The substance “gives me the sensation of millions of bugs constantly running all over me,” Mr. González wrote. “I don’t know if this is a biological substance or a chemical agent. But I know that it is not insects, because when I touch my skin there are no actual bugs that I can feel.”
He said the harassment sometimes begins when he’s on his knees praying.
“Hell does exist,” he wrote, “and Satan shows all of his faces in here. These are catacombs where people scream, but the sound is drowned out by a hermetically sealed metal door.”
Another detailed account of conditions comes from Mr. Vázquez, the journalist. The food at Boniato Prison in eastern Cuba is so bad that “pigs would throw it up,” he wrote in his journal.
24-hour stench
“The toilet is basically a hole regurgitating its stench 24 hours a day. There are no sheets, no pillows … no radio or TV, no newspaper or books … no eating utensils, no cup … no towels.”
He says his cell, No. 31, measures about 5 feet by 10 feet. It “floods daily with effluent from the hallway,” he wrote, and “the pock-marked ceiling leaks freely when it rains.”
But he said that he takes it in stride. He spends time reading the Bible, War and Peace and Harry Potter books. He tries to glimpse the stars at night and thrusts his hand through the bars when it rains to feel fresh water.
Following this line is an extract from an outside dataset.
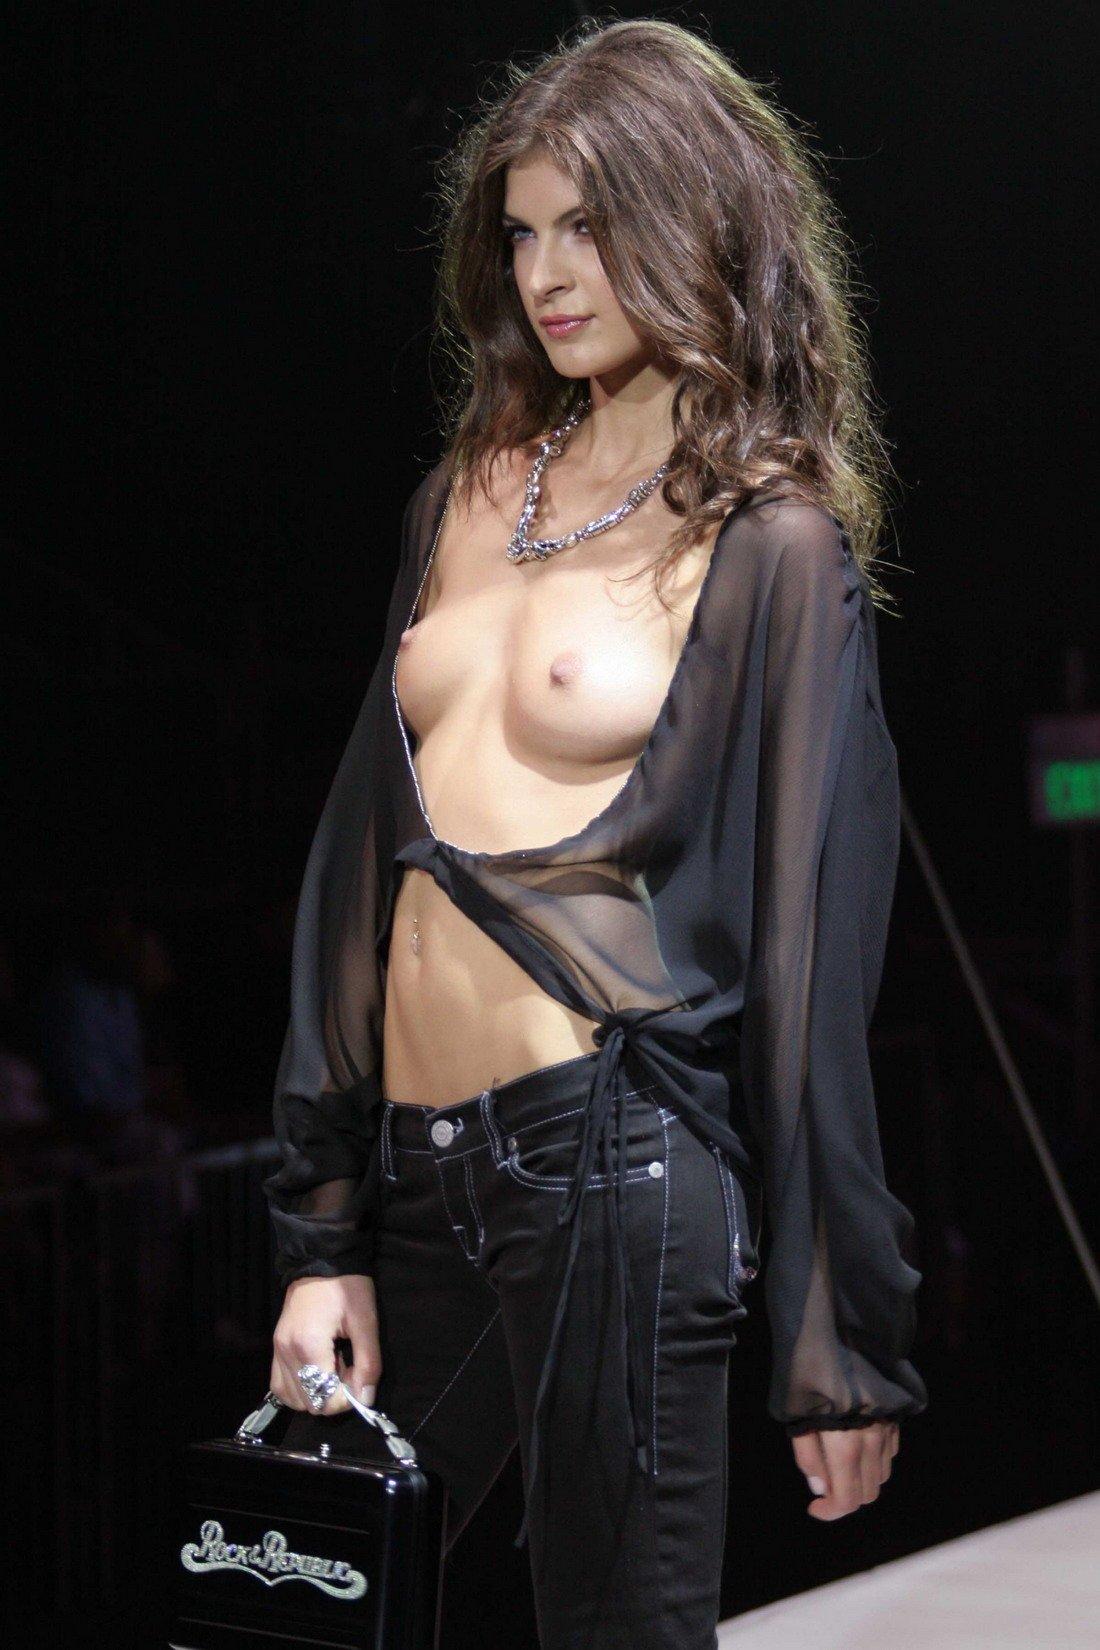 Eve Hewson: Hottest Photos On The Internet

His wife, Yolanda Huerga, said she has trouble keeping her spirits up and has no hope he’ll be released before the end of his 18-year sentence. But her husband told her in a letter not to worry.
“Pucha,” he wrote, using a term of endearment, “I love you very much and miss you a lot. But we’re going to win. Don’t be afraid.”
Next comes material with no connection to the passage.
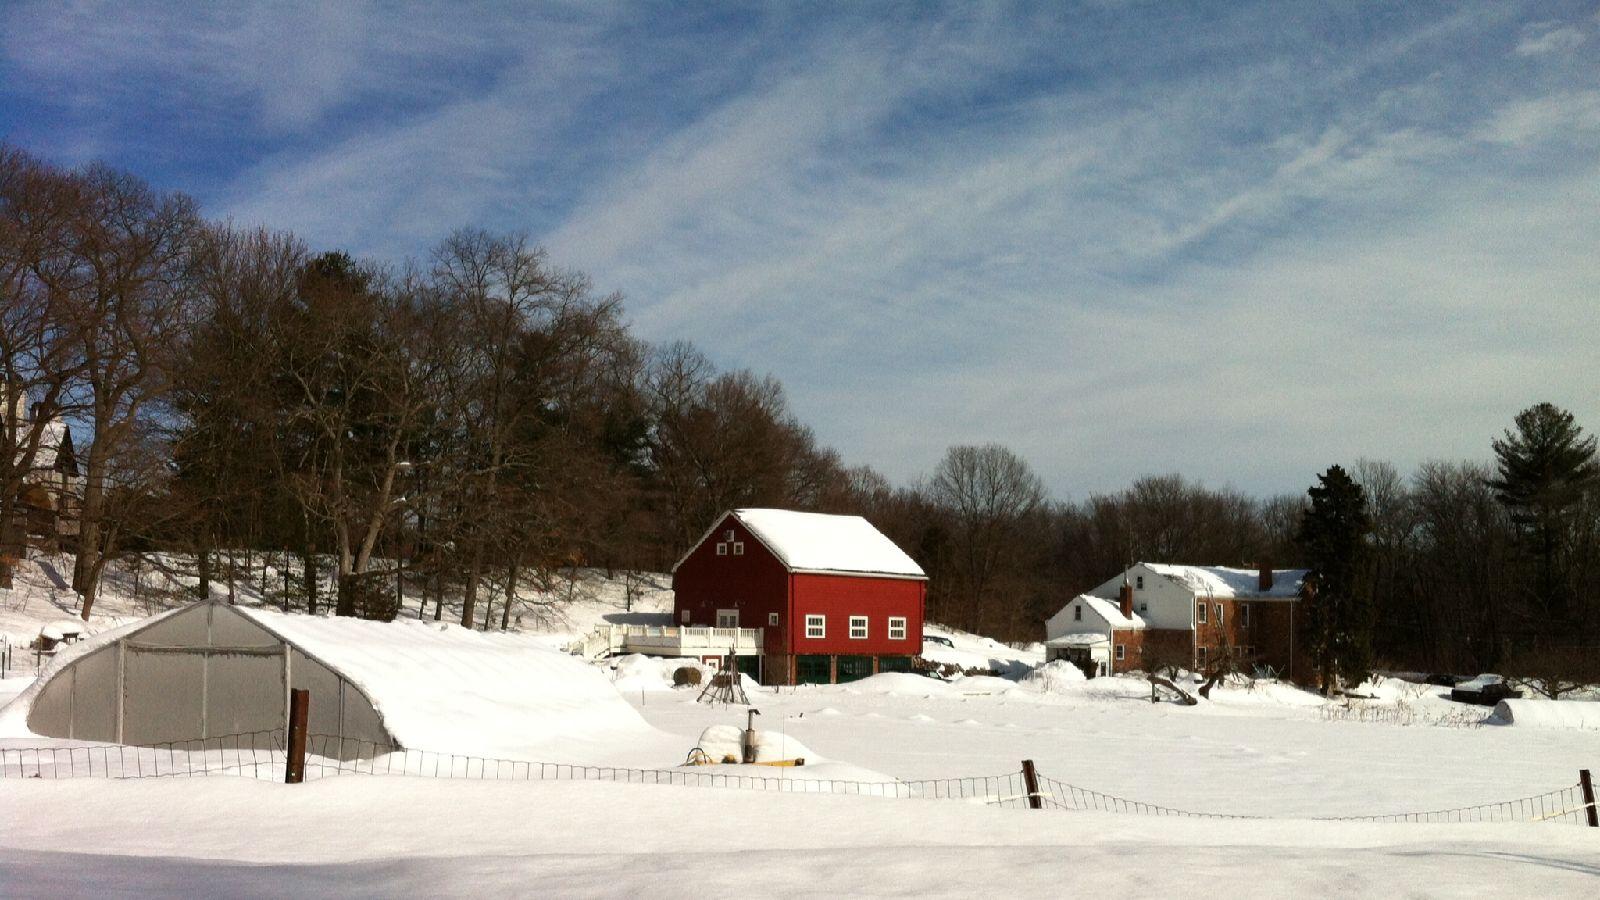 Snowy_farm_2_15.jpg

Still, he warned, “Be careful. Don’t go around alone. Don’t trust anyone.”
Castro loyalists, he wrote, “know they are losing and because of that they are dangerous.”
Mr. Castro scoffs at such talk and said in May that Cuba is a place of social justice, not repression. “In our country there are no paramilitary forces or death squads, nor has violence ever been used against the people,” he said. “Light years separate our society from what has prevailed in the rest of the world.”